Author's note: Written for the thinking_hand ficfest on LJ. Many thanks to my beta readers, persiflage_1 and elliptic_eye!

Three Parties

"Before a mad scientist goes mad, there's probably a time when he's only partially mad. And this is the time when he's going to throw his best parties." --Jack Handey

"Sarah Jane Smith!"

Sarah was taken aback to be accosted by a skinny man whose grin said he was absolutely delighted to see her. The trouble was that she had never seen him before in her life.

"You are Sarah Jane Smith, yes?"

So much for a low profile. "Yes."

"Brilliant. Sarah Jane Smith, brilliant. And you're a journalist here?"

Sarah, while thinking that was an odd way to word the question, noticed a blonde woman who hovered nearby; she looked ready to spring and muzzle him if need be.

The man seemed to now notice her too, and exclaimed, "Rose!
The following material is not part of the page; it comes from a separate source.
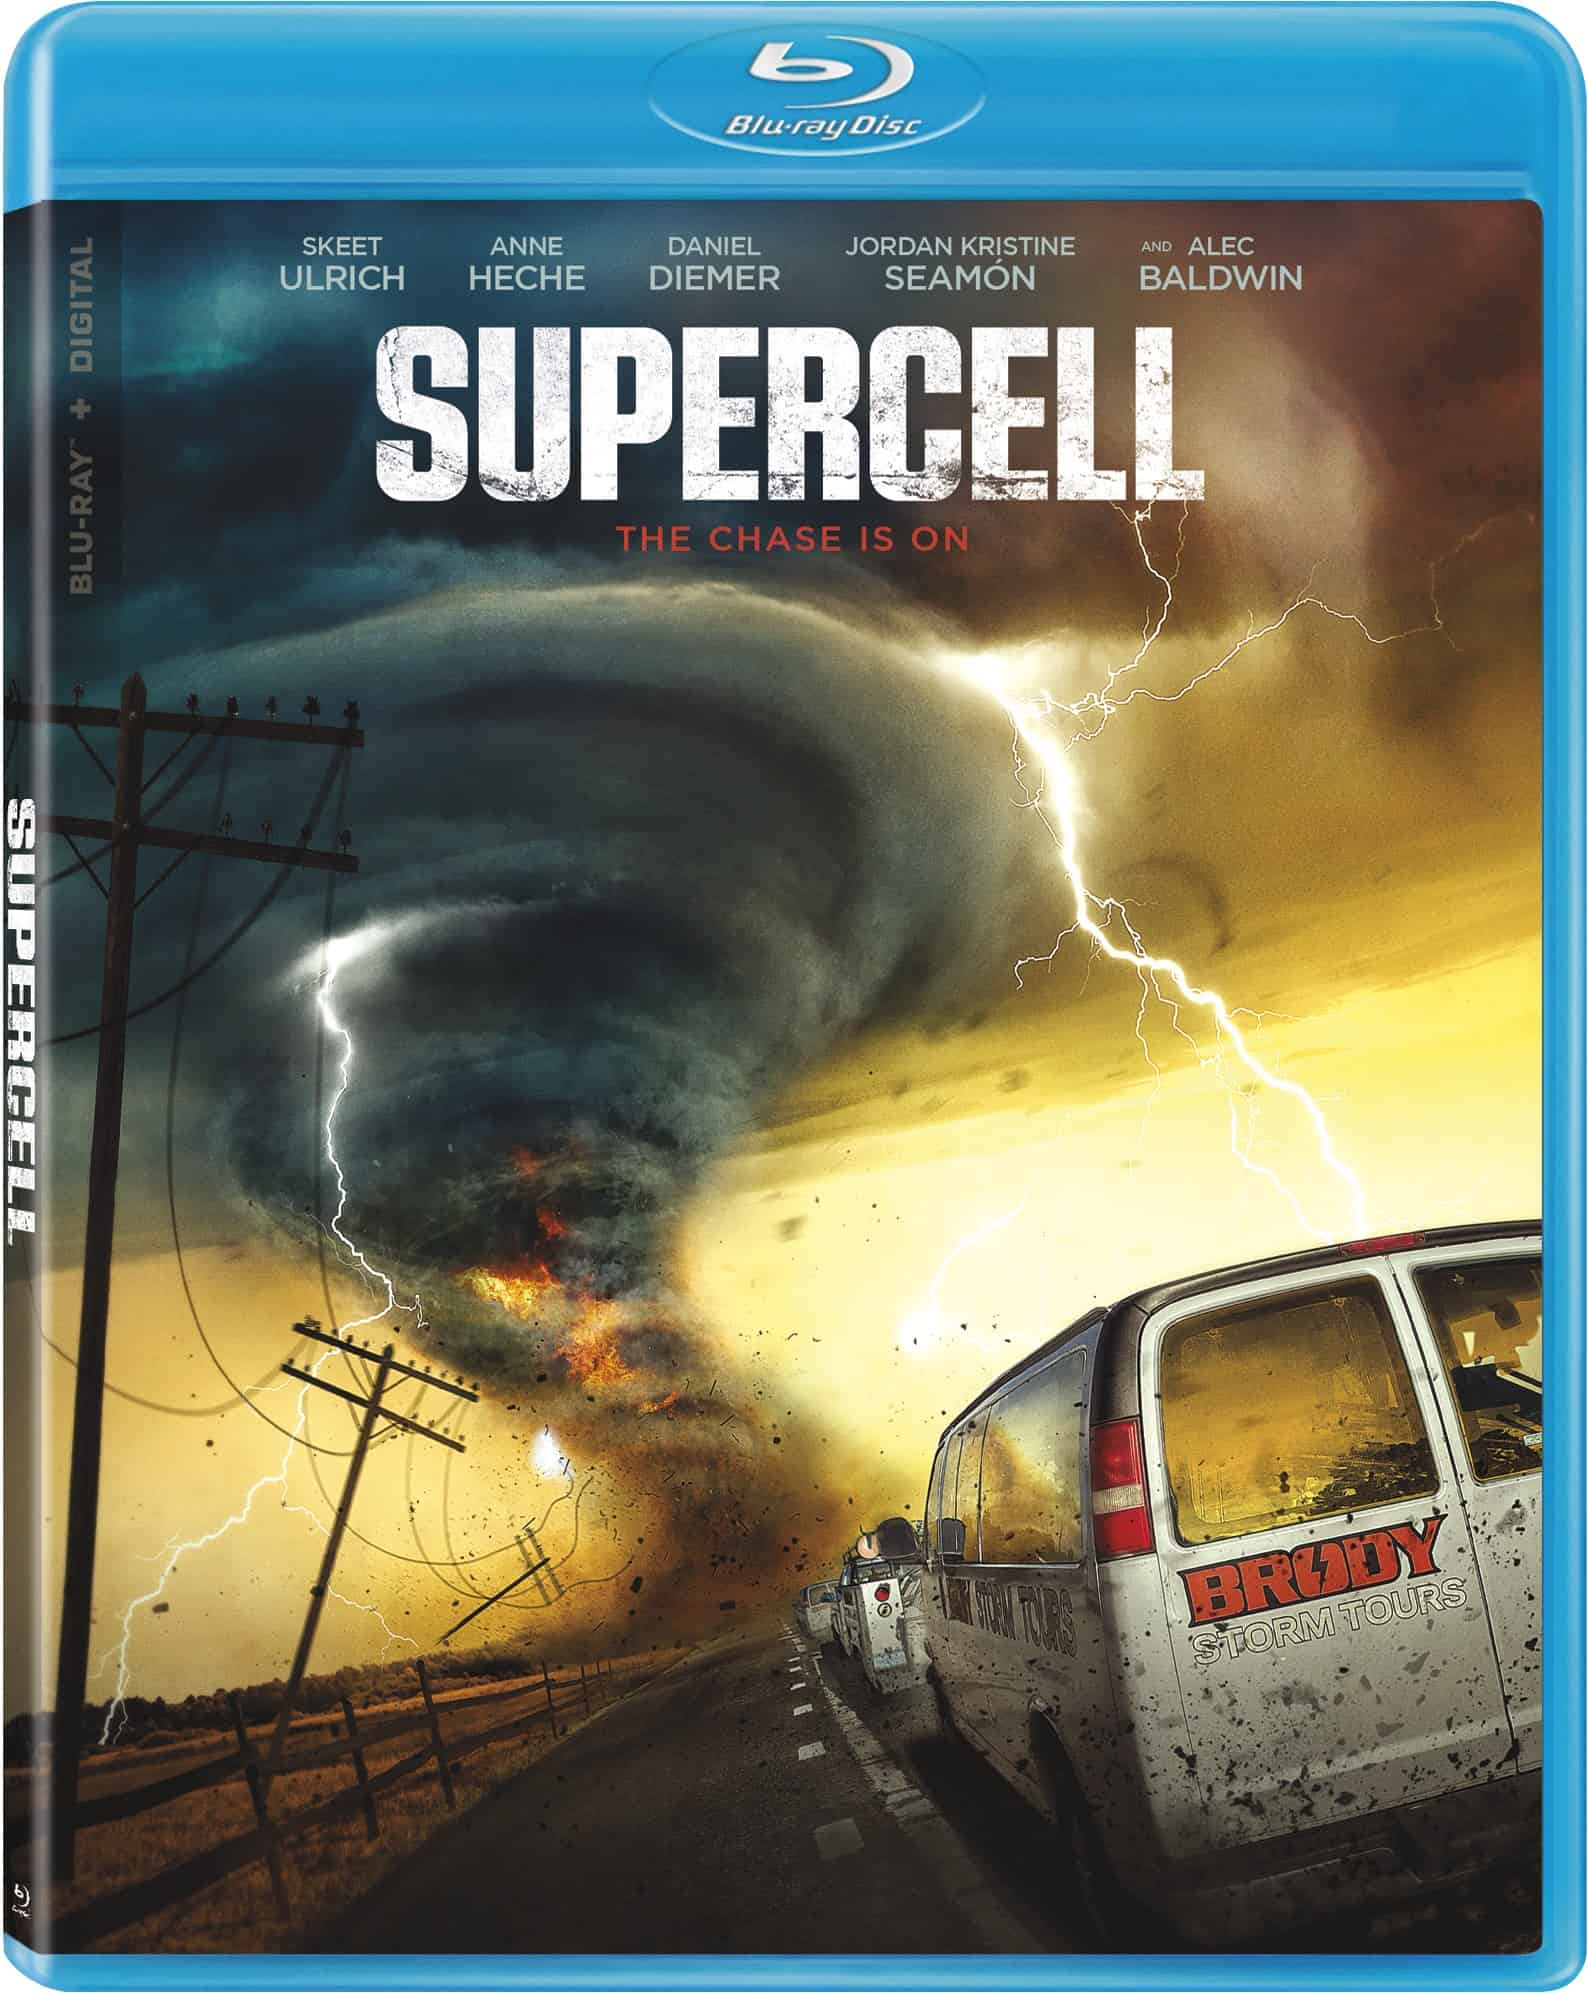 Supercell comes to Blu-ray on May 2nd 32

It's Sarah Jane!"

"Doctor..." Rose said, her voice a warning.

"Well, this universe's Sarah Jane, anyway."

Sarah applied her best polite smile reserved for idiots. "I'm sorry, I didn't catch your name."

"Just the Doctor."

"John Smith," Rose said pointedly, but she seemed relieved her friend had calmed down a bit. "And I'm Rose Tyler."
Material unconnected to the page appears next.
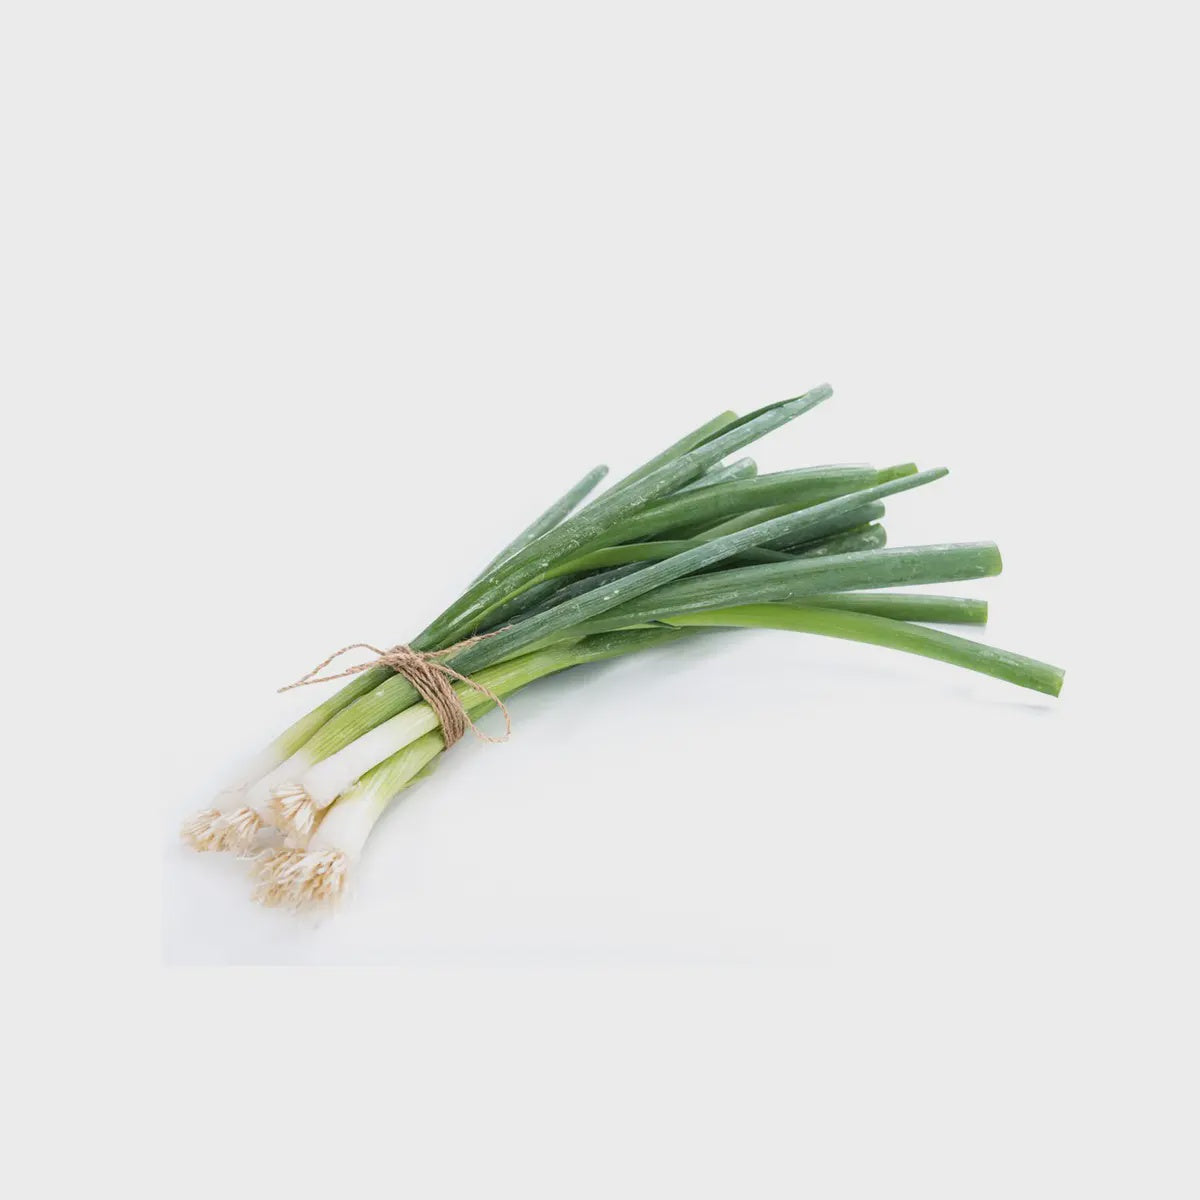 Shallots/Spring Onion Per Bunch

Dr. Smith turned conspiratorial, asking Sarah, "Are you investigating something right now?"

"I don't know, Dr. Smith. Is there something here I should be investigating?"
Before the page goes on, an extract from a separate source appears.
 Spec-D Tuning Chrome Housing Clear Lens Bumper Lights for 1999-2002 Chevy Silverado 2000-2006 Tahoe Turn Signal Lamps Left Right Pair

He scanned the party, and jumped to grab a glass of champagne from a passing waiter. "Oh, you never know. For instance, that bloke over there? Cheating on his wife, the bastard. She's probably better off without him, though -- he's also a compulsive gambler."

"I see."

"Don't mind him -- he fancies himself a great observer of human nature," Rose said.

"I am a great observer of human nature. Spent a lot of time around humans. I am human. And you don't spend years working as a temp without learning something about people. You just have to be observant." He seemed to consider this, then added, "Well, you learn to be observant after your fiancé tries to feed you to a giant spider. You remember to pay attention then."

"I can imagine," Sarah said.

He cleared his throat ostentatiously, and said, "Anyway, that sort of thing is small potatoes to an investigative journalist like yourself. There's got to be bigger things going on here, eh?"

"Perhaps Ms. Tyler could share some information. Your father is connected -- enough to know our host very well. Any insight on Mr. Chambers?"

"Call me Rose. And, no, I don't know much about him. He is constantly after my dad, trying to get him to fund experiments, but I've never even met him. I just know he's a bit of a pest, really."

"But you have to admit," Dr. Smith said before downing his champagne and moving to the dance floor, "he throws a hell of a party."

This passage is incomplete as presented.